已經……沒什麼事情可做了呢。艾修魯法特坐在自己的椅子裡,看著天花板,發了一小會呆。然後他的目光回到了掛在牆上的一副地圖。地圖上畫著一個紅色的線。那就是他推理出來的,那支抓走星刻的混沌殘兵離開的路線。他們是從另外一個方向走的,避開了艾修魯法特和馬文決戰的戰場。
有人敲了敲門。不需要更多,單單從敲的位置,他就聽出那是小丫頭在敲門。
「進來,門沒鎖。」艾修魯法特大聲的說道。他沒有回頭,所以只是聽見門被打開,然後有一個細碎的腳步聲走了進來。
「艾修魯法特……你……生氣了?」他聽見小丫頭在他後面,用不安的口吻問道。
「我?為什麼你會覺得我生氣?」艾修魯法特終於轉過頭。不過他依然沒有站起來,只是將椅子轉了個方向。
「因為我……我放棄了王座,因為……我不再是……一個女王了。」小丫頭低著頭,但是她的手指卻在不安的玩弄著自己的衣角。這個小動作本身就說明了她心中的不安。也許是地位的變化導致心態的變化,之前,她和艾修魯法特兩個人獨處的時候,從來沒顯得這麼拘束和不自在。
「你知道,我不在乎那些。」艾修魯法特回答。「說句實話,我不覺得你的選擇是錯誤的——其實我覺得這種事情壓根就沒有正確和錯誤。但是你至少避開了一場……毫無意義的戰鬥和屠殺。我感到很安慰。因為我很害怕打仗。」
「害怕?」小丫頭用驚訝的目光看著他。「可是你……」
「我剛剛贏得了一場偉大的勝利?」艾修魯法特笑了一下。「這是別人說的,我其實很害怕戰爭……因為這一次,我差一點就輸了。」
「但你最終還是贏了,不是嗎?」
「那是我運氣好。」艾修魯法特回答道。「我犯了很多錯……實際上太多的錯了。如果不是運氣好,埃辛在最關鍵的時候趕到,我現在……」他想說下去,卻發現自己說不下去。真的到了那種全軍崩潰的時候,他會怎麼做?他不是很確定。他知道,自己其實有著絕地反擊的機會——勝算其實不是很大,但是卻總歸有機會。此外,他的身上,還攜帶著一大塊魔石——隨時可以轉變為黑魔法能量的玩意。使用那東西的話……
「我記得,」艾修魯法特說道。他腦子裡突然泛起一個身影來,「有個人曾經對我說過很有趣的話:『有人說我傲慢無禮,其實我只是在害怕而已;有人說我運籌帷幄,其實我只是用腦瓜瞎猜而已;有人說我所向無敵,其實我只是運氣好而已。我外表看起來好像胸有成竹,其實我心裡什麼底也沒有。』」
他想起那個說話者,一個年紀很大的老人,躺在椅子上,身上穿著很平常的衣服,神色和藹,面帶微笑。這是源自其他靈魂的記憶碎片?亦或者是他真實的過去?不,那個人……如果他的推論沒錯,那個老人應該就是湯瑪士,他的導師,也有一定的可能是他的父親。

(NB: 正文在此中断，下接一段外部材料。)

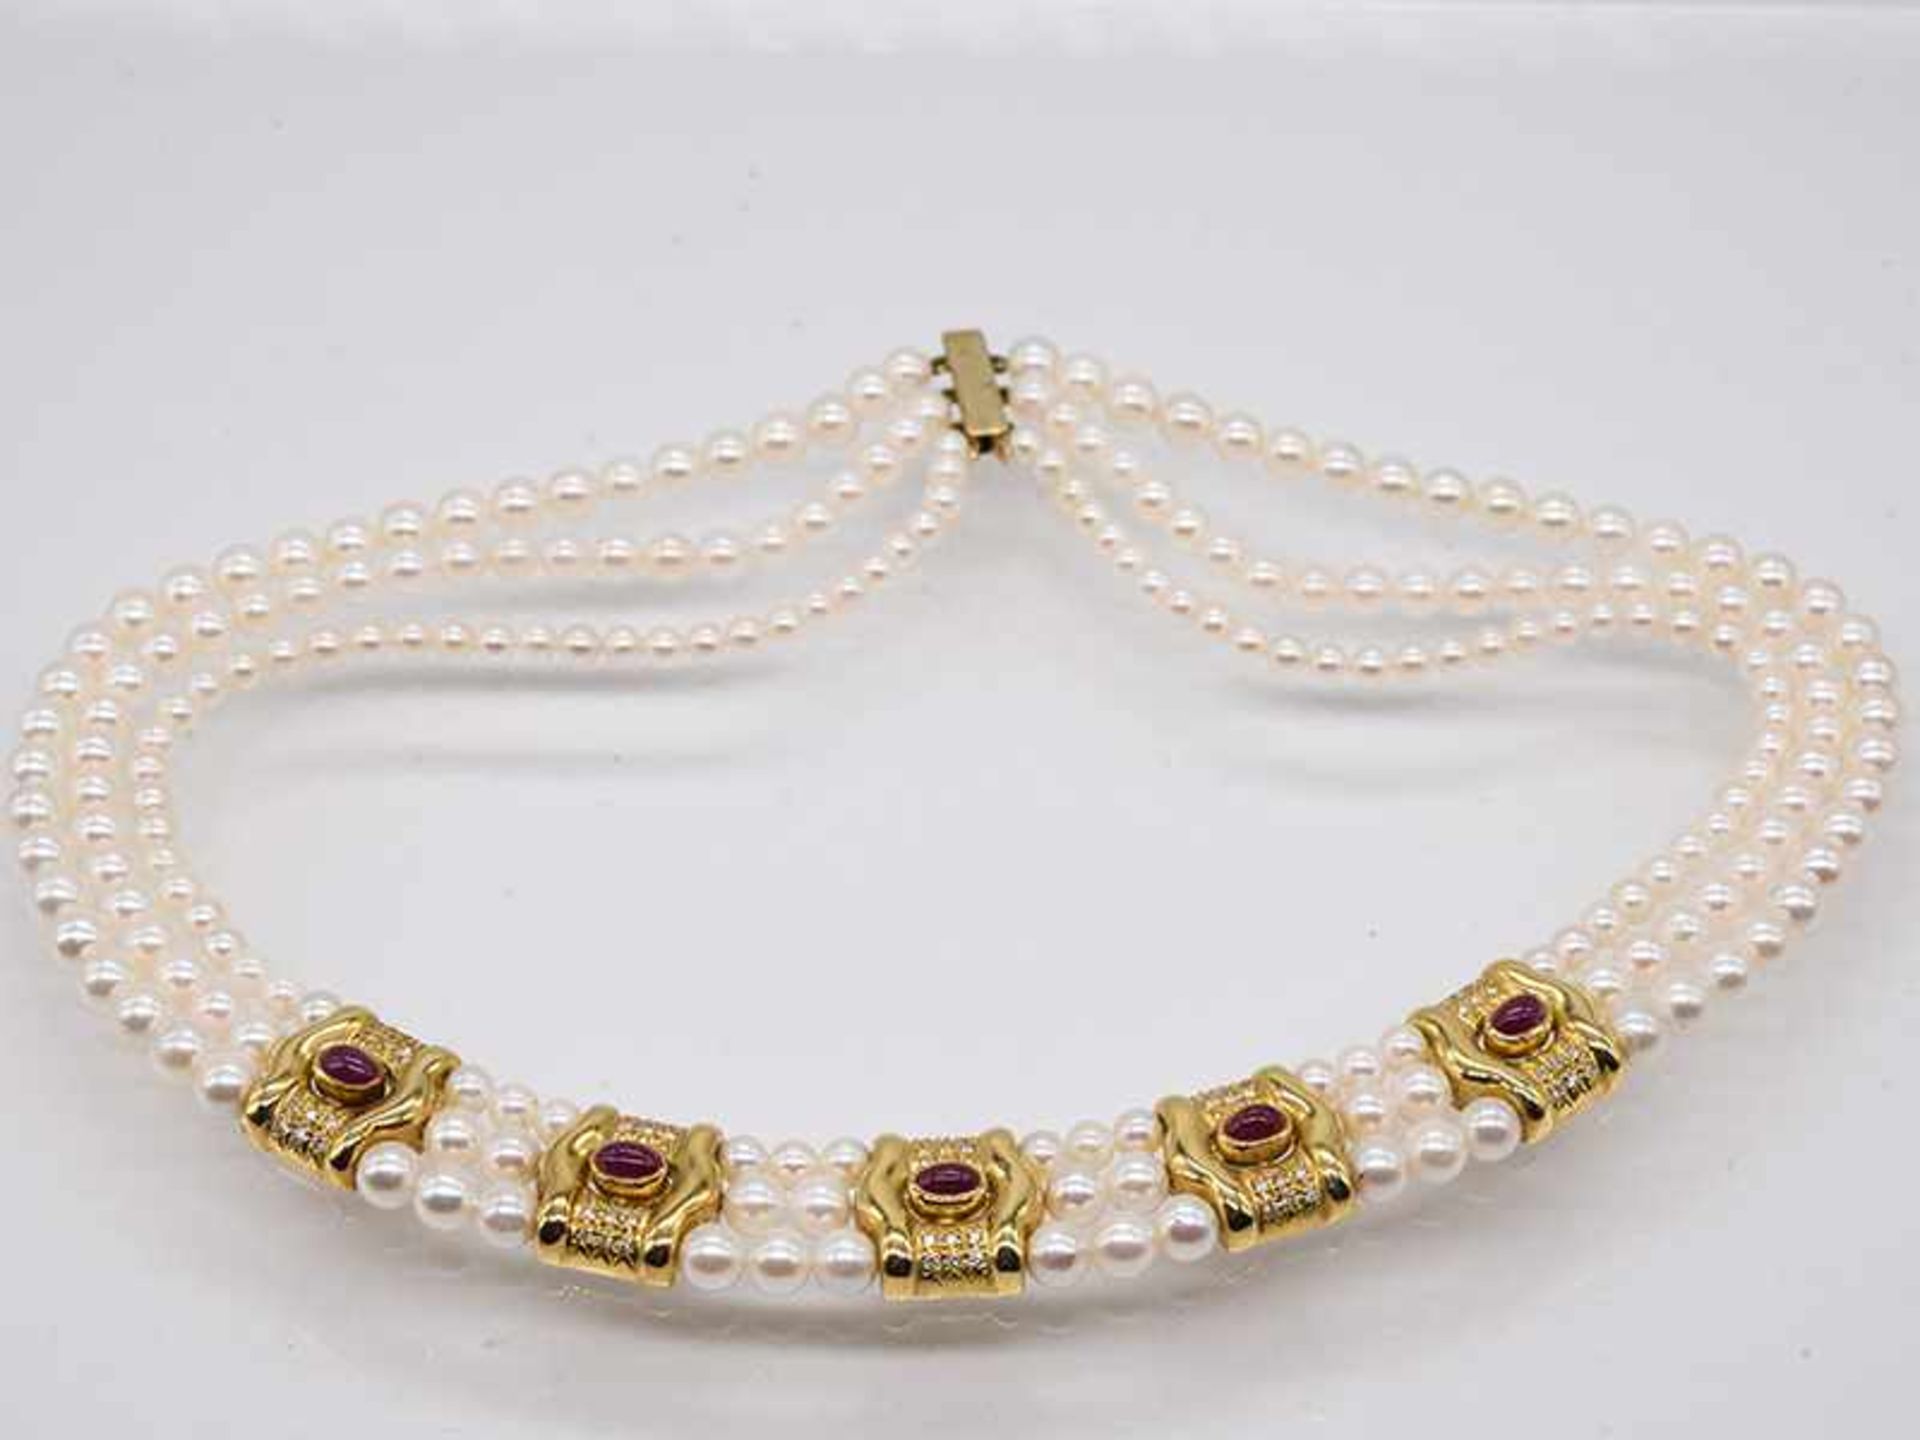 3 reihige Akoya-Perlenkette mit goldenen Zwischenelementen, Rubin-Cabochons, ca. 2,5 ct und 60
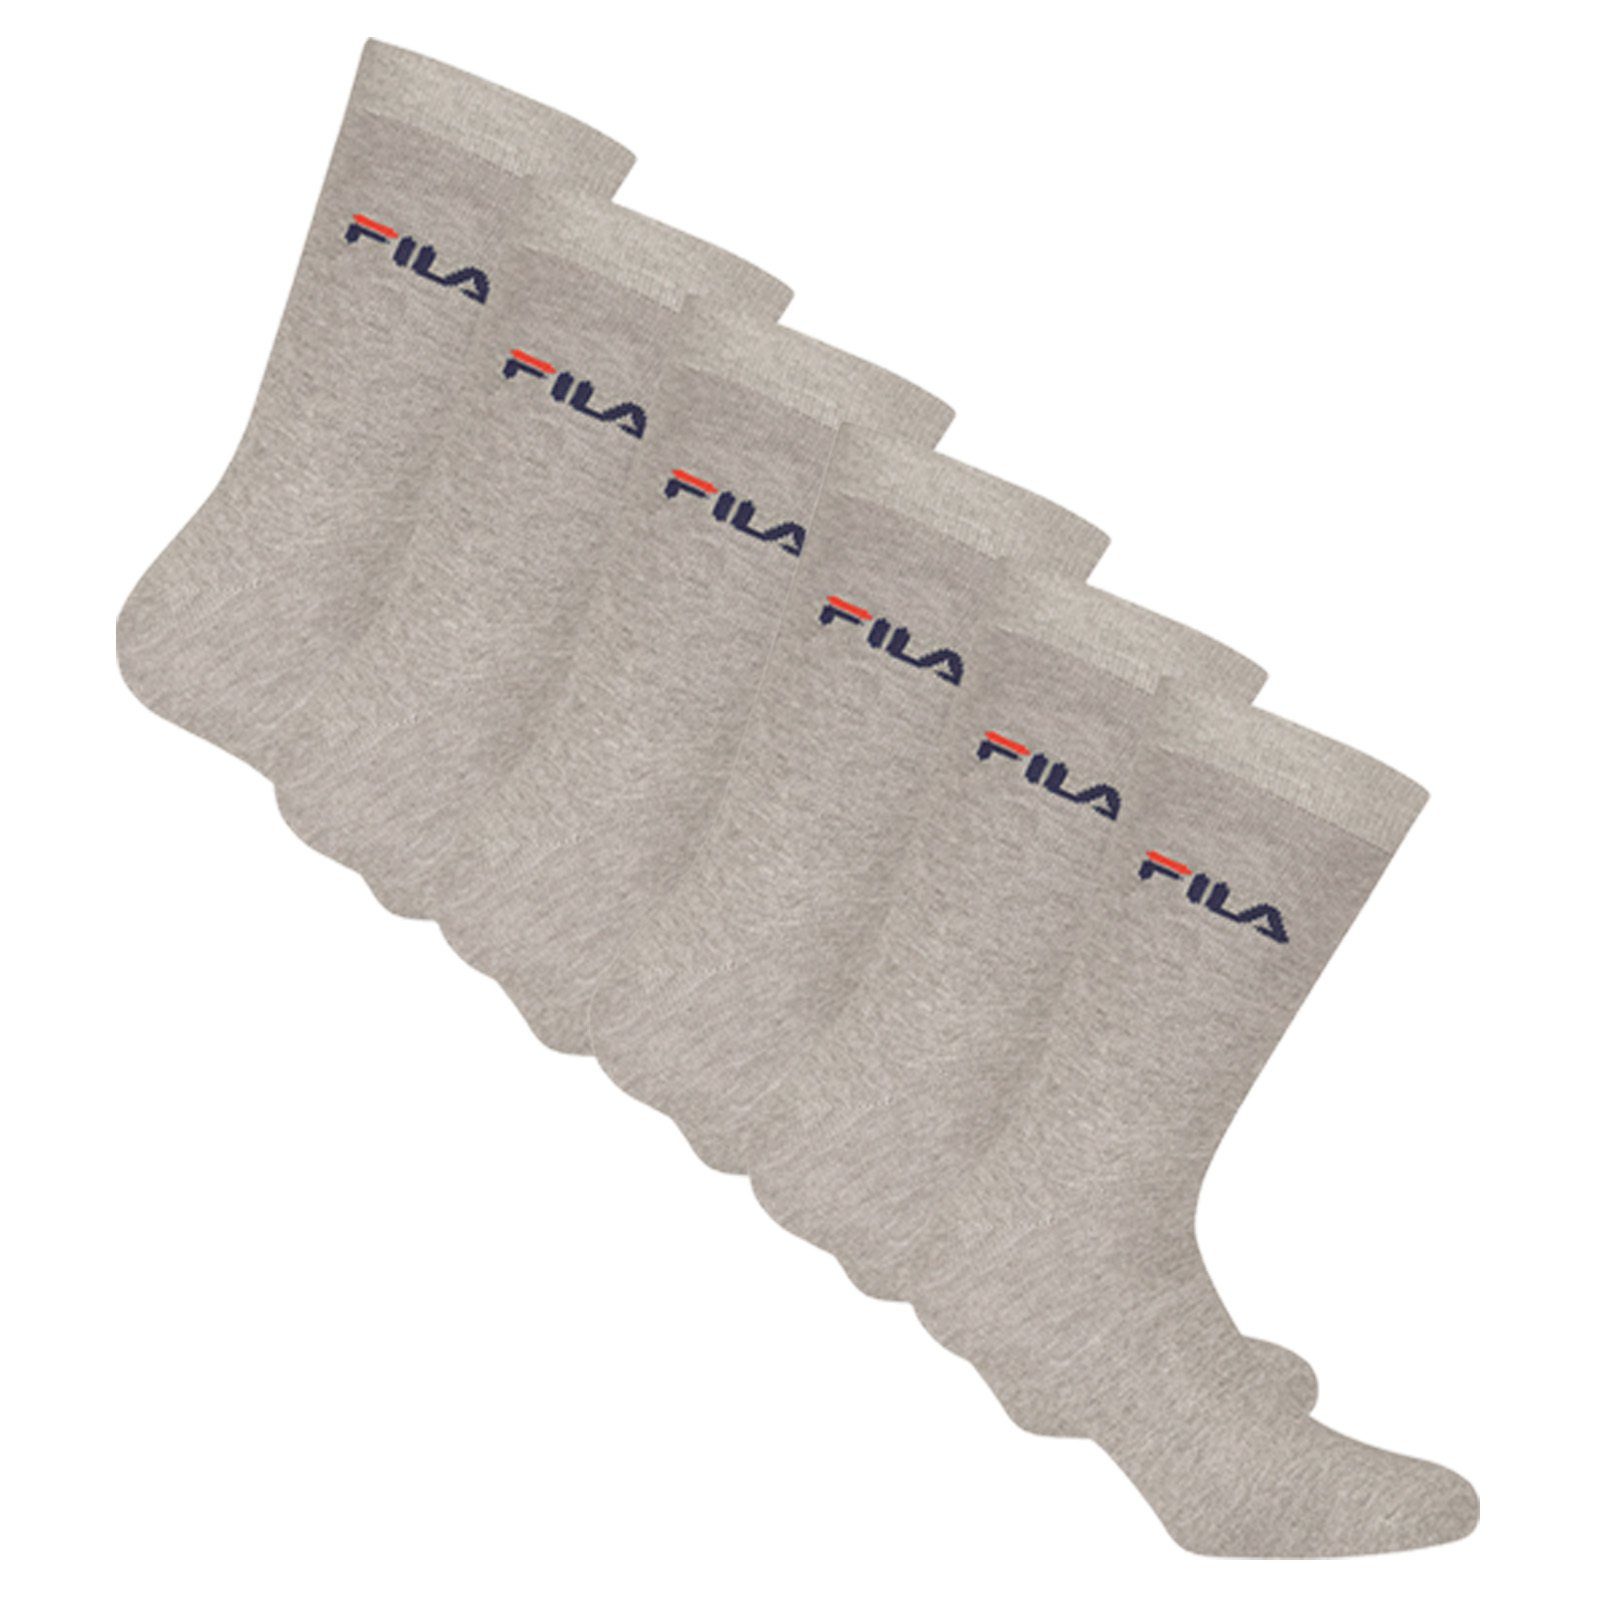 Fila Sportsocken Unisex Socken, 6er Pack - Crew Socks, Strümpfe, Hoher  Tragekomfort, beste Qualität

「現在我懂了。」艾修魯法特說了一句。「真的,別看我打贏了,但是我真的只是運氣好而已。在別人眼裡我是胸有成竹,其實那個時候,我心裡什麼底都沒有。」
「每個人都會遇到運氣,唯一的區別是有的人做好了準備,將轉瞬即逝的運氣捏在手中。另外一些人卻沒有做好準備,只能痛苦的看著機會在自己手指縫中溜走。」小丫頭說道。
「那個時候,我其實我也很害怕。」艾修魯法特說道。「雖然我儘量裝出一副鎮定的樣子,其實我很害怕。我害怕我辜負了你的期待,將整支軍隊葬送在這場失敗中。我更害怕一不小心就死在亂軍之中。別看我這樣,其實我還是挺怕死的。」